В том случае, когда подобное влияние не подходит для исследования общих закономерностей, похоже, существует только одна возможность — допустить существование общих источников. Недавно я опубликовал исследование, посвященное источникам христианской симфонической мысли вплоть до Оригена — то есть непосредственно перед зарождением платонизма и накануне «золотого века» святоотеческой письменности[4]. Основной тезис этого исследования заключается в том, что христианское симфоническое мышление является одновременно развитием и синтезом греческих симфонических методов, которые постепенно формировались в греческом мире задолго до христианства; еще одним его, отчасти близким, продолжением также служит и неоплатоническая симфоническая мысль. 

В этой статье мне хотелось бы прежде всего кратко резюмировать, что следует подразумевать под «греческими корнями» позднеантичного конкордизма — христианского или неоплатонического. Затем я намереваюсь перейти к описанию возникновения христианского конкордизма в первые три века, чтобы осветить проблематику того, каким образом он стал продолжением греческих симфонических методов и в каком смысле он вместе с тем положил начало новым методам или новым идеям относительно текстуальной и вероучительной симфонии.

Греческие корни позднеантичного конкордизма

Исходя из того, насколько мы можем обратить наш взгляд в прошлое, нам следует прежде всего сказать несколько слов относительно важности гармонии в греческом мышлении[5]. В греческих текстах архаического и классического периодов считалось, что благо или истина зачастую находятся в гармонии с самими собой или с чем-то еще; и наоборот, только нечто гармоничное само по себе может быть благом или истиной. Мир сам по себе, как κόσμος, по определению обозначал гармонию, объединяющую разнородные сущности[6]. Согласно Платону, добрая, или добродетельная, душа — это та, которой удалось достичь гармонии в самой себе[7]. Гармония была богиней, дочерью Ареса и Афродиты, и символизировала примирение противоречивых реальностей[8]

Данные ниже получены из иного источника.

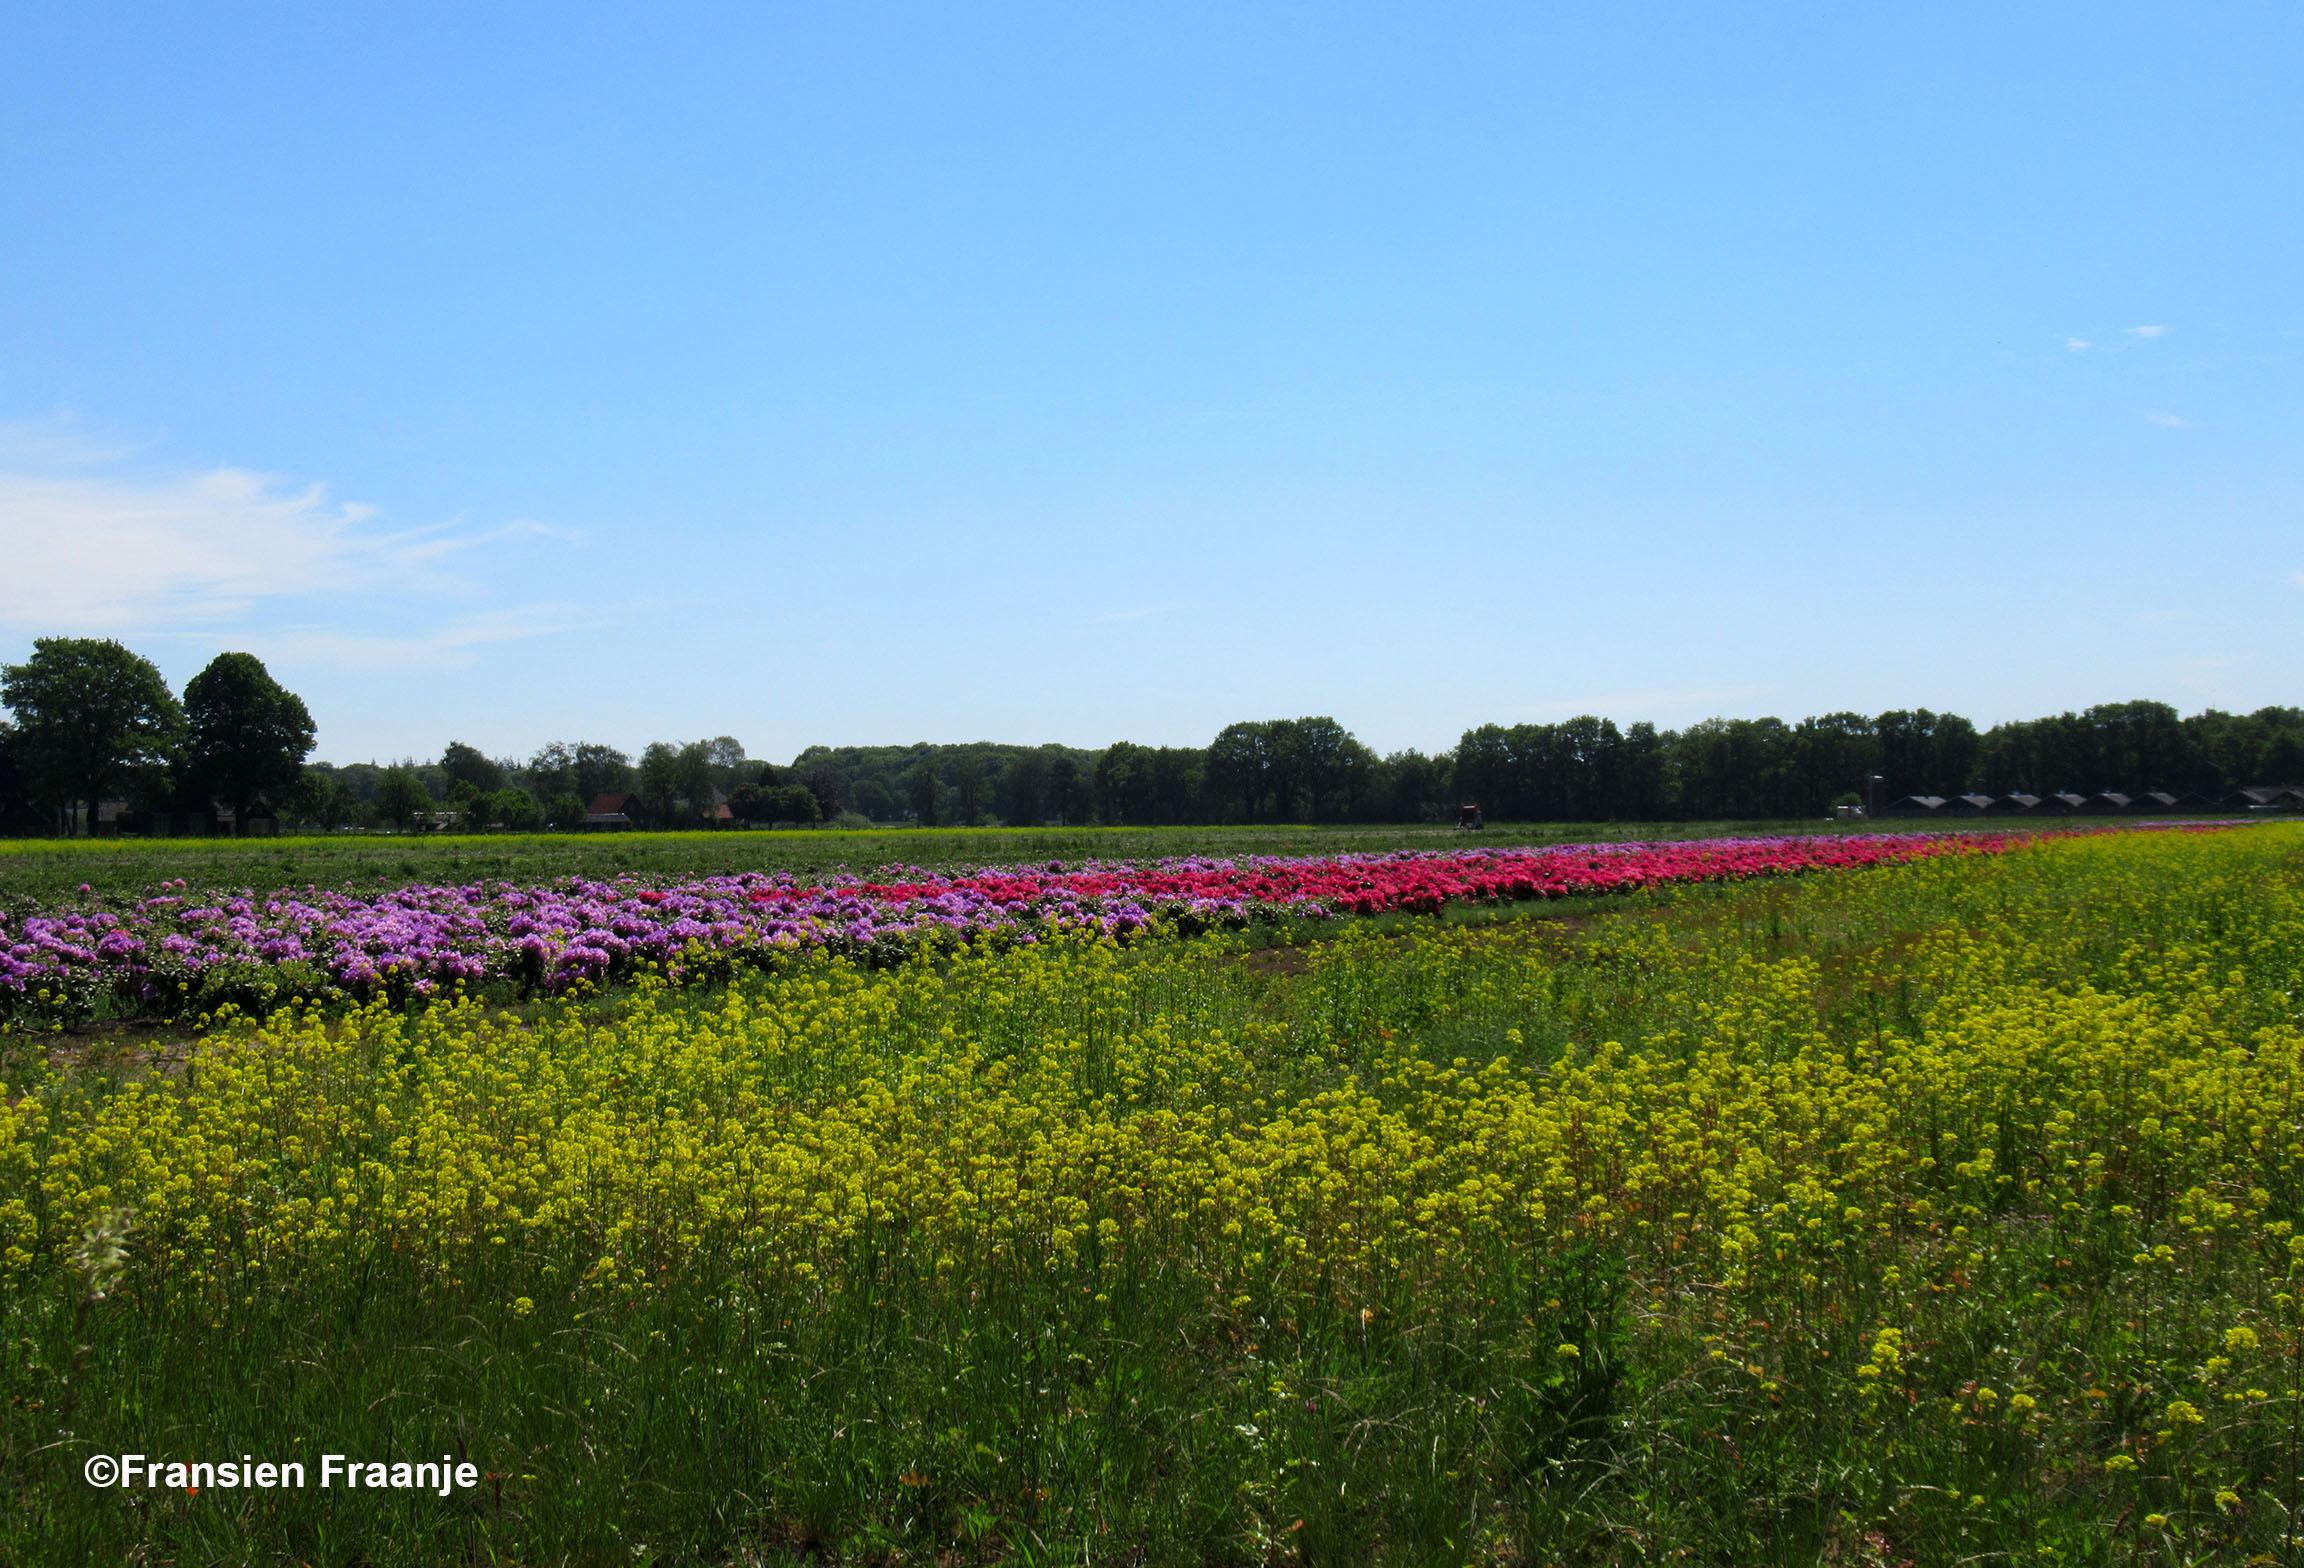 Prachtige kleuren op de akkers, met voor aan het gele Koolzaad en daarachter de rhododendrons - Foto: ©Fransien Fraanje

Для более точного определения представления о гармонии греки, как правило, прибегали к лексике, имеющей отношение к музыке. Глагол συμφωνεῖν / ξυμφωνεῖν («звучать, находиться в согласии»), как и его производные, этимологически означает созвучие музыкальных инструментов и голосовых партий[9] или же — согласие различных струнных инструментов, таких как лира или кифара[10]. Согласно античным источникам, пифагорейцы были первыми, кто стал говорить о συμφωνία этого мира[11] или души[12].

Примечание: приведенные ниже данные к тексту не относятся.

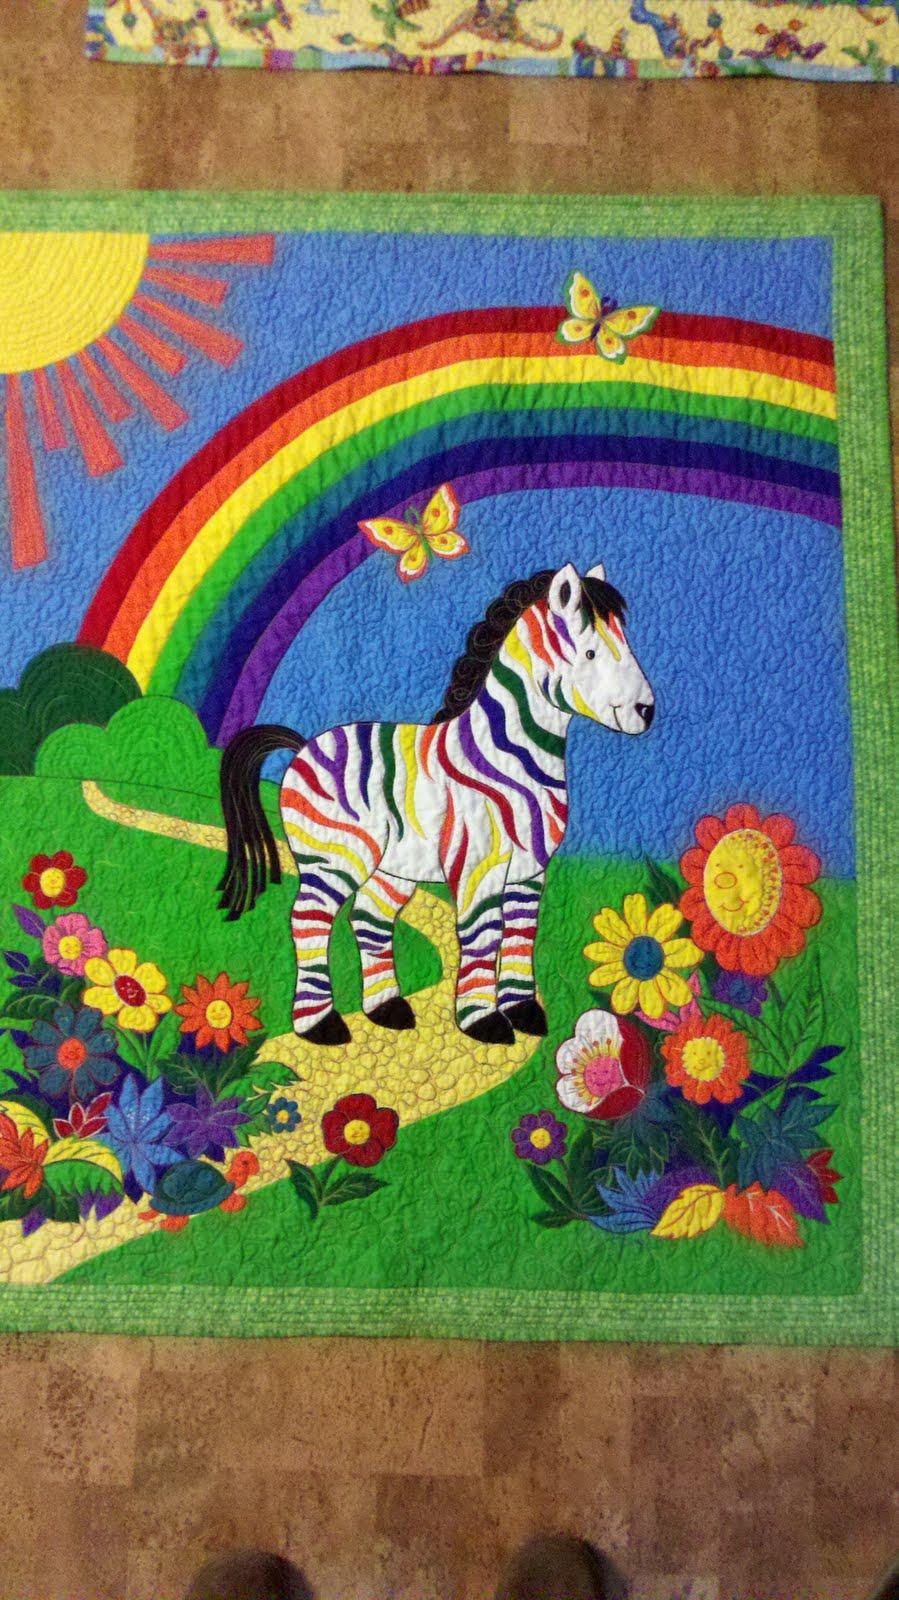 Sew-Much-Better: Rainbow zebra quilt

От этого представления о συμφωνία души такие слова, как συμφωνία / ξυμφωνία или глаголы συμφωνεῖν / ξυμφωνεῖν, а иногда глаголы συνᾴδειν / ξυνᾴδειν («согласно петь») вместе со своими производными стали применяться для выражения согласия не только души с самой собой, но также человека с другим человеком или различных представлений между собой[13].

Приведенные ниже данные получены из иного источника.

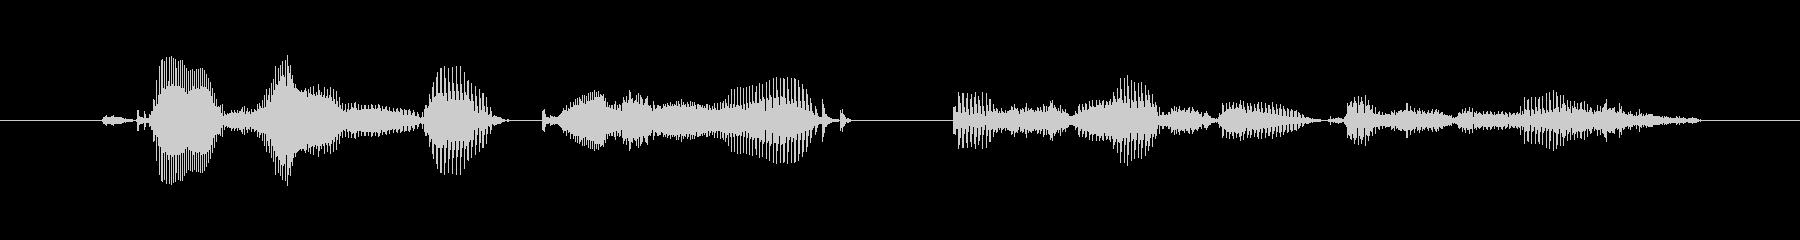 【時報・時間】午前6時を、お知らせいた…の未再生の波形

Довольно рано в греческой литературе мы встречаемся с представлением о том, что быть в согласии с кем-то является благом: на уровне политической жизни это означает состояние мира и должного функционирования всего государства[14]; на уровне этики — подразумевает состояние настоящей дружбы[15]; на интеллектуальном уровне представление о согласованности часто связано с идеей истины, поскольку согласие с самим собой рассматривалось как условие истины: пребывание в согласии с кем-то, кто говорит истину, также означает истинность собственных убеждений. Уже Платон упоминает об этих двух аспектах связи между представлениями о согласии и истине, при этом он был первым, кто употребил в этом контексте музыкальный термин συμφωνία. В одном из своих диалогов[16] он настаивает на необходимости существования в согласии с самим собой для того, чтобы произнести истинное суждение. В другом диалоге Сократ утверждает, что будет сохранять верность в отношении всего того, что находится в согласии (συμφωνεῖν) с более твердым убеждением, который он будет использовать в качестве основы для своего аргумента[17]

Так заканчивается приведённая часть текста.